The need for levothyroxine supplementation is lower through a partial thyroidectomy than a complete thyroidectomy [6]. Furthermore, the isthmusectomy approach requires even less postoperative hypothyroidism because of the minimum resection of thyroid tissue [7]. Levothyroxine is required in 9.1% of patients undergoing this isthmusectomy compared to 42.5% and 100% of those undergoing partial thyroidectomy and total thyroidectomy, respectively [15].

Cervical ultrasound is the mainstay in the follow-up of patients with papillary thyroid cancer treated with partial thyroidectomy [30]. A serum thyroglobulin cut-off value and its trend over time have been proposed to assess recurrence in these patients. However, the latest evidence shows that neither a specific serum thyroglobulin threshold nor its trend over time is related to structural recurrence [6],[30],[31]. Patients undergoing isthmusectomy may have higher serum Thyroglobulin concentrations than those undergoing partial thyroidectomy because they preserve more thyroid tissue [7]. And thus, it is likely that these patients may not achieve an excellent biochemical response according to the ATA 2015 guidelines. However, this should not be of concern if the ultrasound shows no evidence of structural recurrence.

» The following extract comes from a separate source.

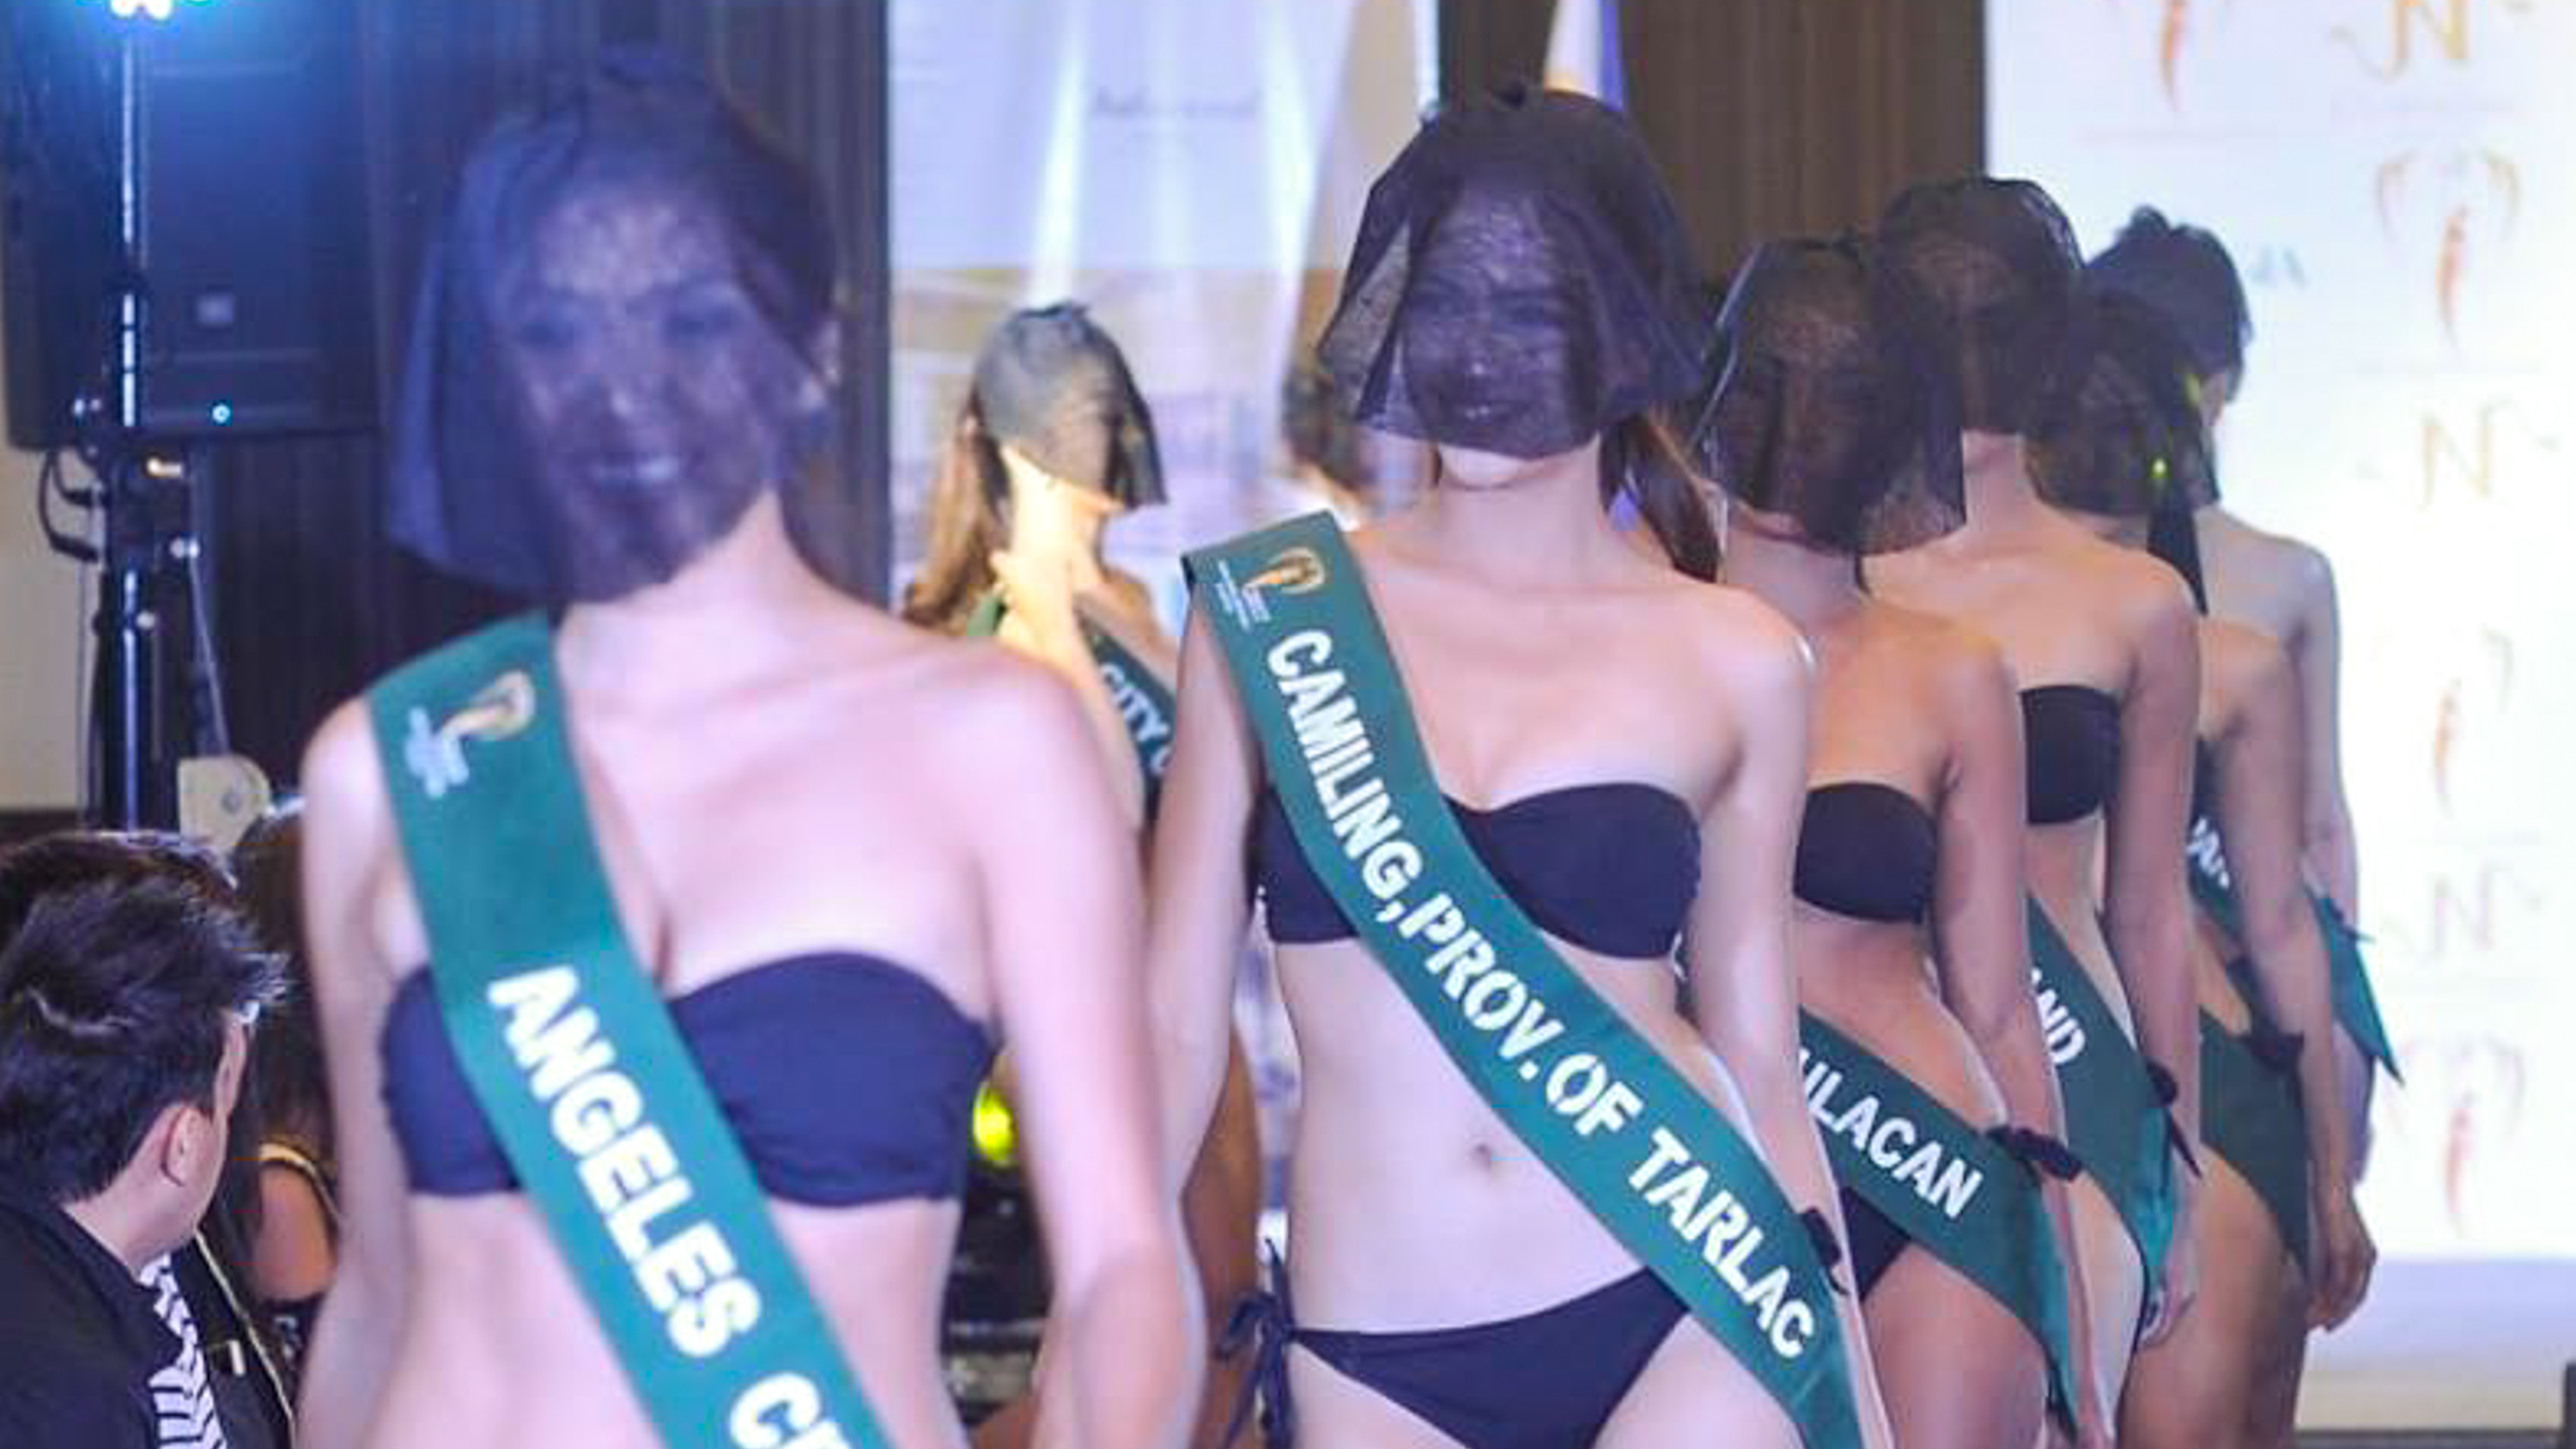 BLACK VEILS. The ladies at the Miss Philippines Earth swimsuit preliminaries wear black veils over their faces. Photo by ALX Studio Photography via screengrab from Facebook/OakwoodManila  
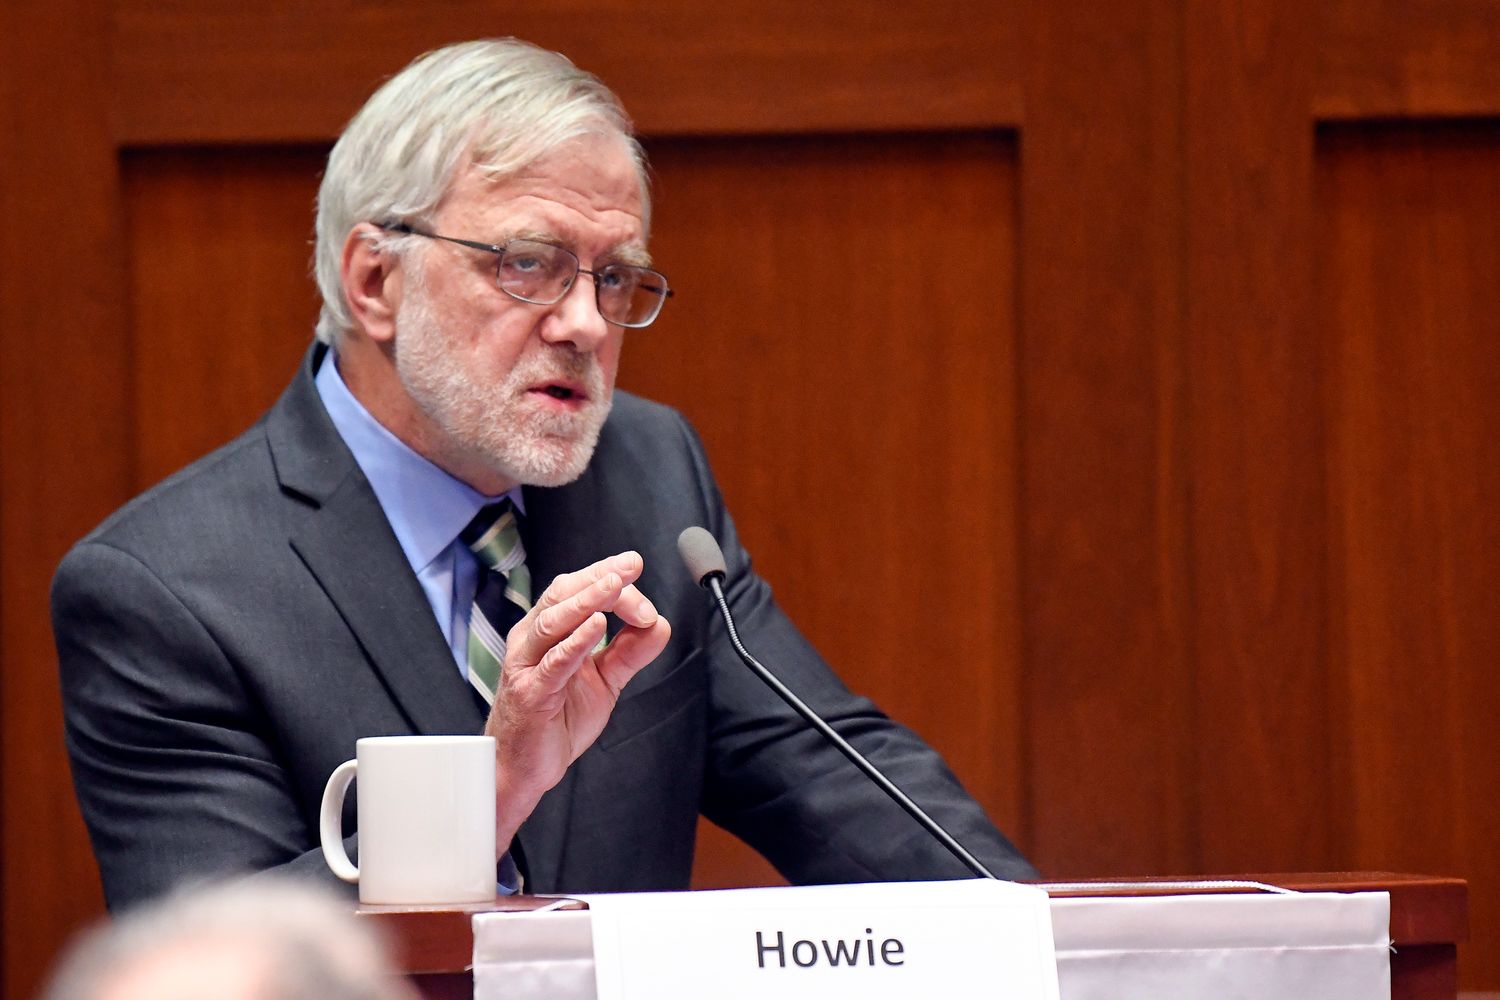 Showing Eco-Socialist and Green Party candidate Howie Hawkins

Despite being only two cases with a close follow-up, it is remarkable that these patients were managed by a multidisciplinary team, which carefully defines the intensity of treatment and follow-up according to their initial risk of recurrence and response to treatment.

Conclusion

We report two cases of patients with isthmic papillary thyroid carcinoma treated with isthmusectomy without prophylactic lymph node dissection with excellent surgical outcomes. The management of papillary thyroid cancer has shifted to an individualized approach, supporting partial thyroidectomy for well-selected patients. There is no specific management for papillary thyroid cancer located in the thyroid isthmus in international guidelines. In selected patients with intrathyroidal papillary thyroid carcinoma limited to the isthmus without clinical macroscopic extrathyroidal extension or clinical-radiological lymph node involvement, isthmusectomy seems to be an effective and safe surgical approach.

Notes

Contribution roles
RIOB-JMDR: Conceptualization, Methodology, Investigation, Resources, Writing – Original Draft Preparation, Writing – Review & Editing, Supervision, Project Administration. JALR-FDC: Conceptualization, Methodology, Investigation, Resources, Writing – Original Draft Preparation, Writing – Review & Editing.

Competing interests
None of the authors had any potential competing interests. Each author provided a signed ICMJE statement of interests.

Funding
There was no funding for this work.

Ethics
Ethical approval was not necessary given the nature of a case report article. Both patients gave written permission to publish their cases through informed consent.